There is another important reason why the alternative of raising debt to enable a more aggressive dividend might enhance AAPL's P/E multiple. It would substantially improve the company's EVA, or economic value added. The concept here is that Apple would improve the spread that it is earning for shareholders between its cost of capital and its return on capital invested. Companies with higher EVAs sport higher P/E multiples. And a manner in which companies improve EVA is by enhancing the efficiency of their capital structure. Currently, AAPLs capital structure is quite inefficient. The massive cash hoard is just one aspect of this problem.
The other aspect of AAPL's capital inefficiency is that AAPL finances all of its operations with equity capital, which currently is enormously more expensive than debt capital. Indeed, at no time in history has the spread between the cost of equity and debt capital been so high. The spreads between earnings yields and bond yields are at historic highs. AAPL should be taking advantage of this historic anomaly on behalf of shareholders by acquiring cheap debt, returning expensive equity capital and lowering the company's overall cost of capital or WACC.
Thus, before using cash to make an acquisition, AAPL would be well advised to look at other strategic alternatives that are available to raise its stock price and create value for shareholders. Indeed, it makes more strategic sense to focus on using that cash to raise its stock price and P/E multiple first. This would enable AAPL to use its appreciated stock rather than cash to make acquisitions in an accretive fashion.
Is $1000 unrealistic? Not at all. What is unrealistic about a P/E of 25x for a company like AAPL? If anything, what we need to be asking is why AAPL stock is not at $1,000 already. One of the reasons may be that AAPL has an inefficient capital structure. AAPL's enormous cash hoard is just one aspect of this problem.
There many good reasons why AAPL should be careful in how it deploys its enormous cash hoard. And very high on the list of these reasons is that a very good strategic alternative exists for AAPL to deploy this cash: Institute a large annual dividend, payable on a quarterly basis.
In my view, before making an acquisition, AAPL managers should strongly consider the electric effect to its long-term share price that becoming a dividend payer could have..

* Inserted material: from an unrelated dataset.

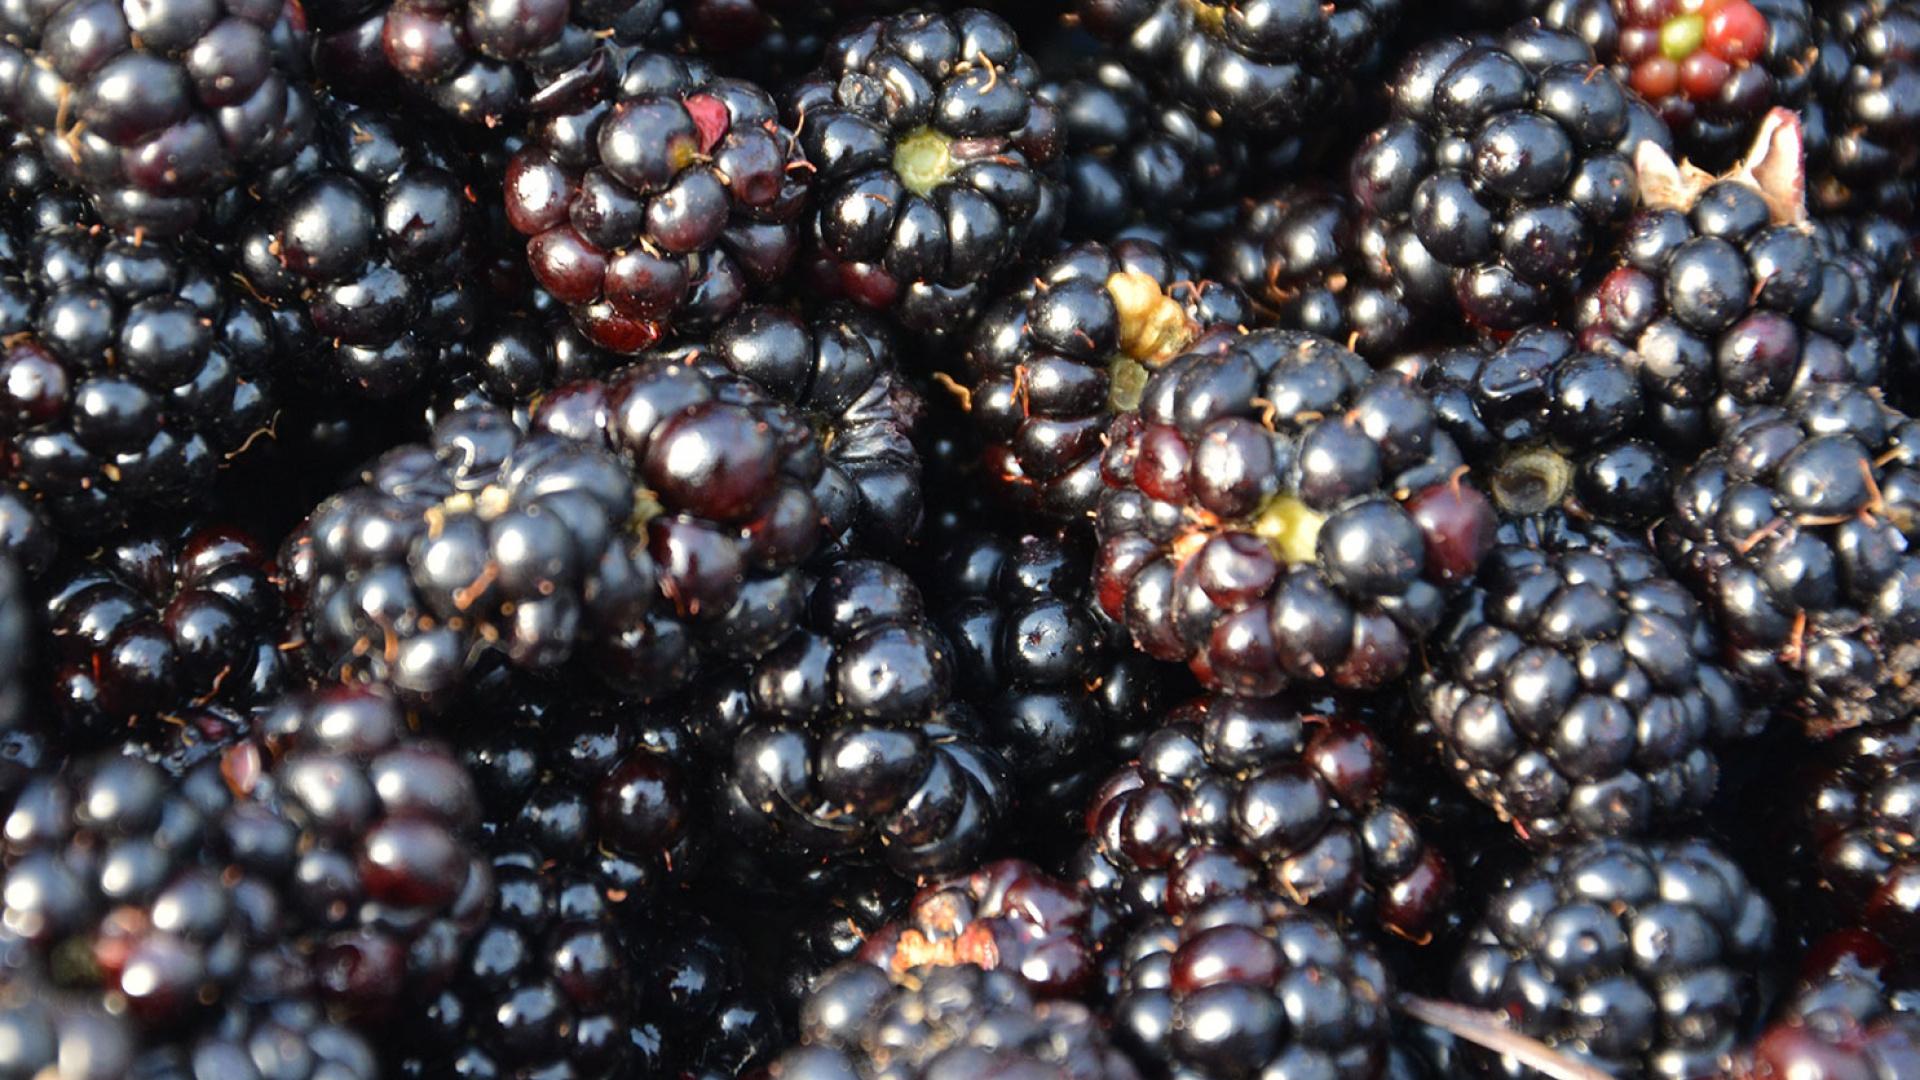 Blackberries at the Eden Project

In this same vein, AAPL should consider an aggressive complementary strategy of raising debt in order to enable an even higher dividend. Furthermore, this strategy would lower its WACC and improve its EVA, thereby raising its fair value P/E multiple.
This brings us to a final point: Does anybody think that AAPL really needs cash lying around paying 0% in order to make acquisitions? That is absurd. AAPL can raise all the cash it needs in debt markets. And that is exactly what it should do at this historic juncture of extremely low interest rates. If AAPL can borrow money for 10 years at an after-tax rate of 3.5%, it should lever itself up and buy anything and everything that makes long-term strategic sense. The availability of money per se should not be an issue for AAPL.
Indeed, AAPL managers should completely divorce in their minds the issue of their cash hoard from their acquisition strategy. The former literally has nothing to do with the latter. These two issues should be treated as entirely separate matters.
Apple can have its pie and eat it too, so to speak. Why? Because it has so many ways to acquire cash, either through internal generation or by resorting to debt markets, that before it is done eating one "cake" (i.e. cash), another is already on the plate, acquired at an even cheaper cost. The only limitations that AAPL should impose on itself in that regard is that any acquisition make long-term strategic sense and that it produce a return on capital that exceeds AAPL's WACC.
Disclosure: I have no positions in any stocks mentioned, and no plans to initiate any positions within the next 72 hours.